> _WORK TASK_
The task calls for an exact retyping of the lines from the one holding "Bottiglia di profumo" through the end of the listing, with pictures omitted and nothing added.

> _COLLECTED DATA_
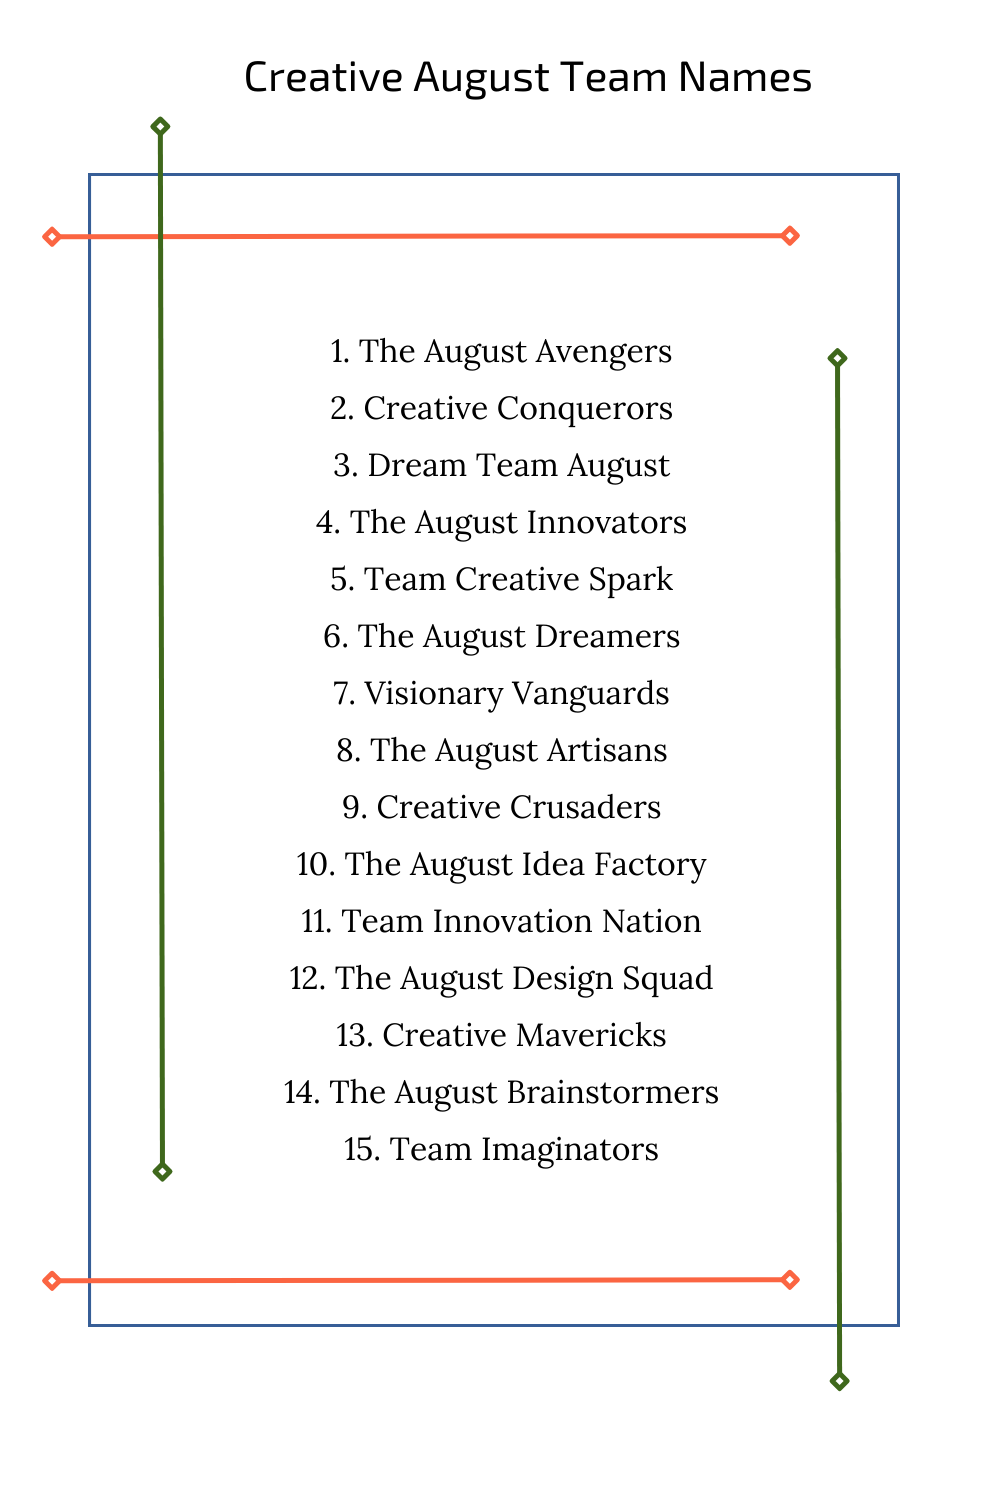 Creative August Team Names
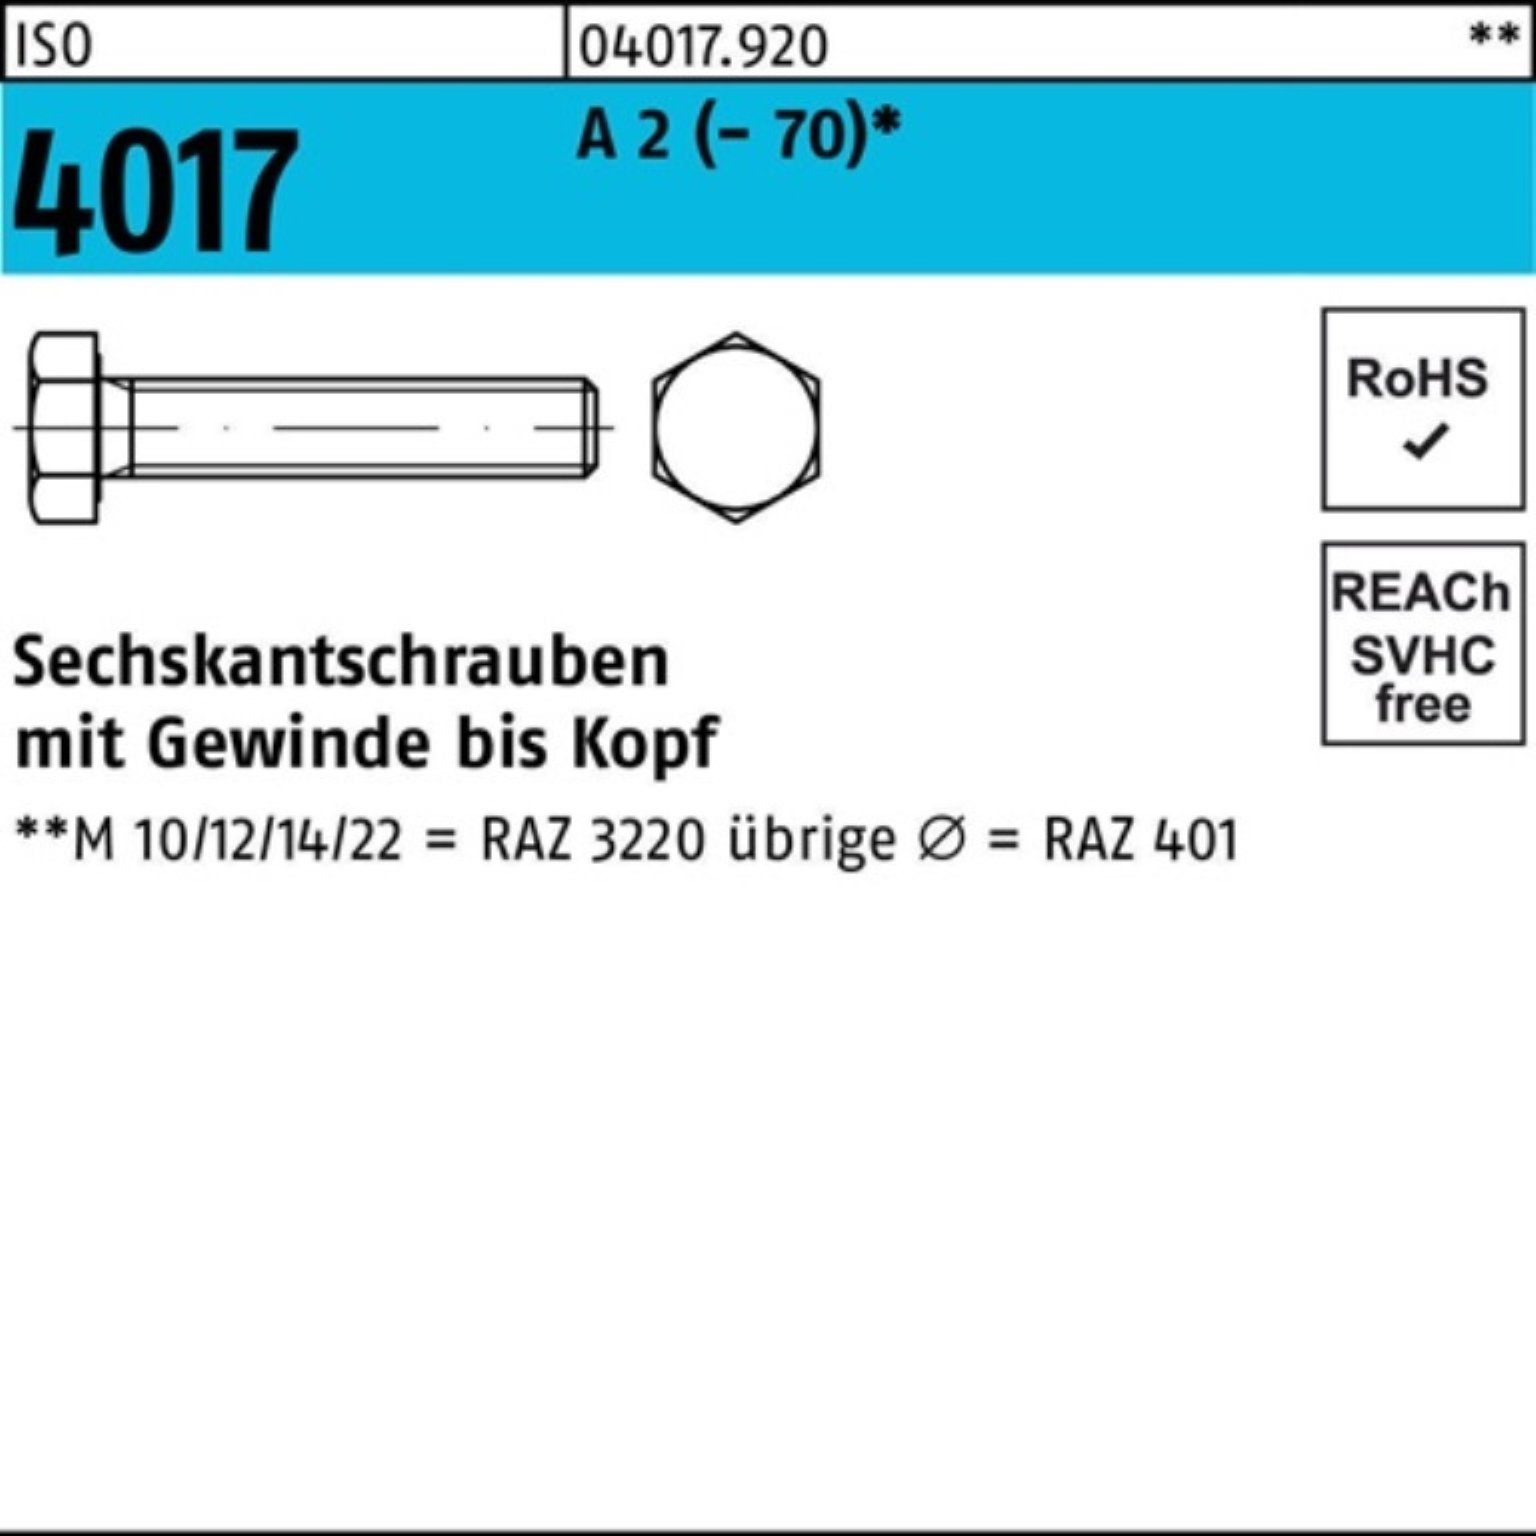 Bufab Sechskantschraube 100er Pack Sechskantschraube ISO 4017 VG M10x 22 A 2 (70) 100 Stück
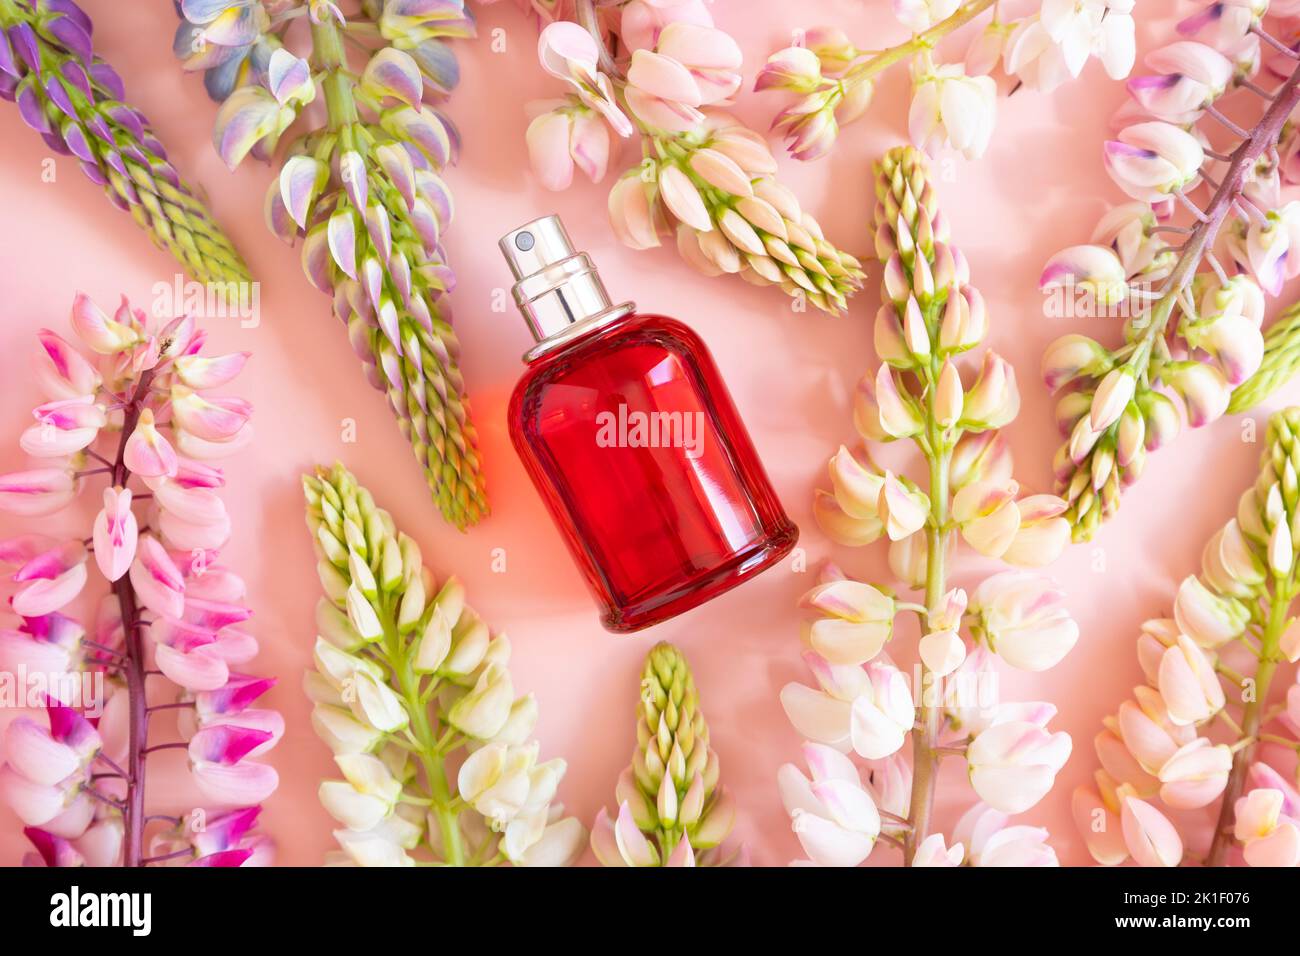 Bottiglia di profumo spray rosso e fiori di lupino rosa su sfondo rosa. Vista frontale dall'alto, giacitura estiva, mockup. Foto Stock
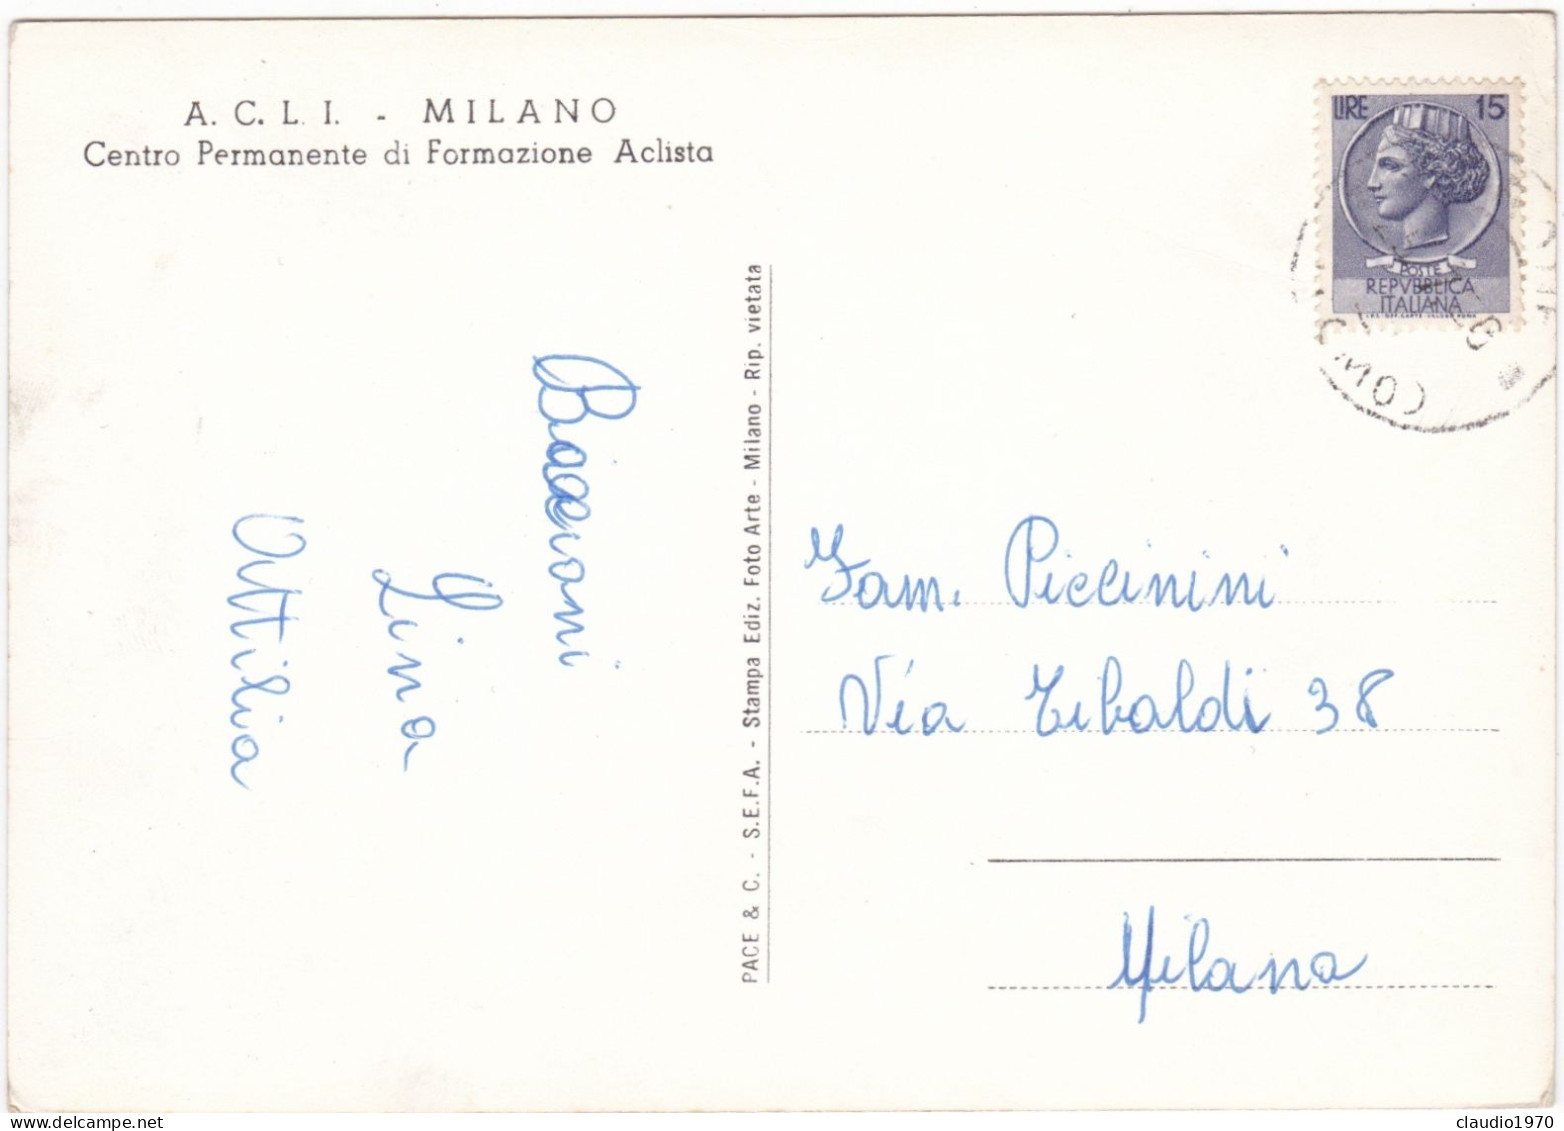 MILANO - CARTOLINA - A.C.L.I. MILANO - CENTRO PERMANENTE DI FOMAZIONE ACLISTA - VIAGGIATA PER MILANO - Milano (Milan)

> _RESULT_
 Bottiglia di profumo spray rosso e fiori di lupino rosa su sfondo rosa. Vista frontale dall'alto, giacitura estiva, mockup. Foto Stock
 MILANO - CARTOLINA - A.C.L.I. MILANO - CENTRO PERMANENTE DI FOMAZIONE ACLISTA - VIAGGIATA PER MILANO - Milano (Milan)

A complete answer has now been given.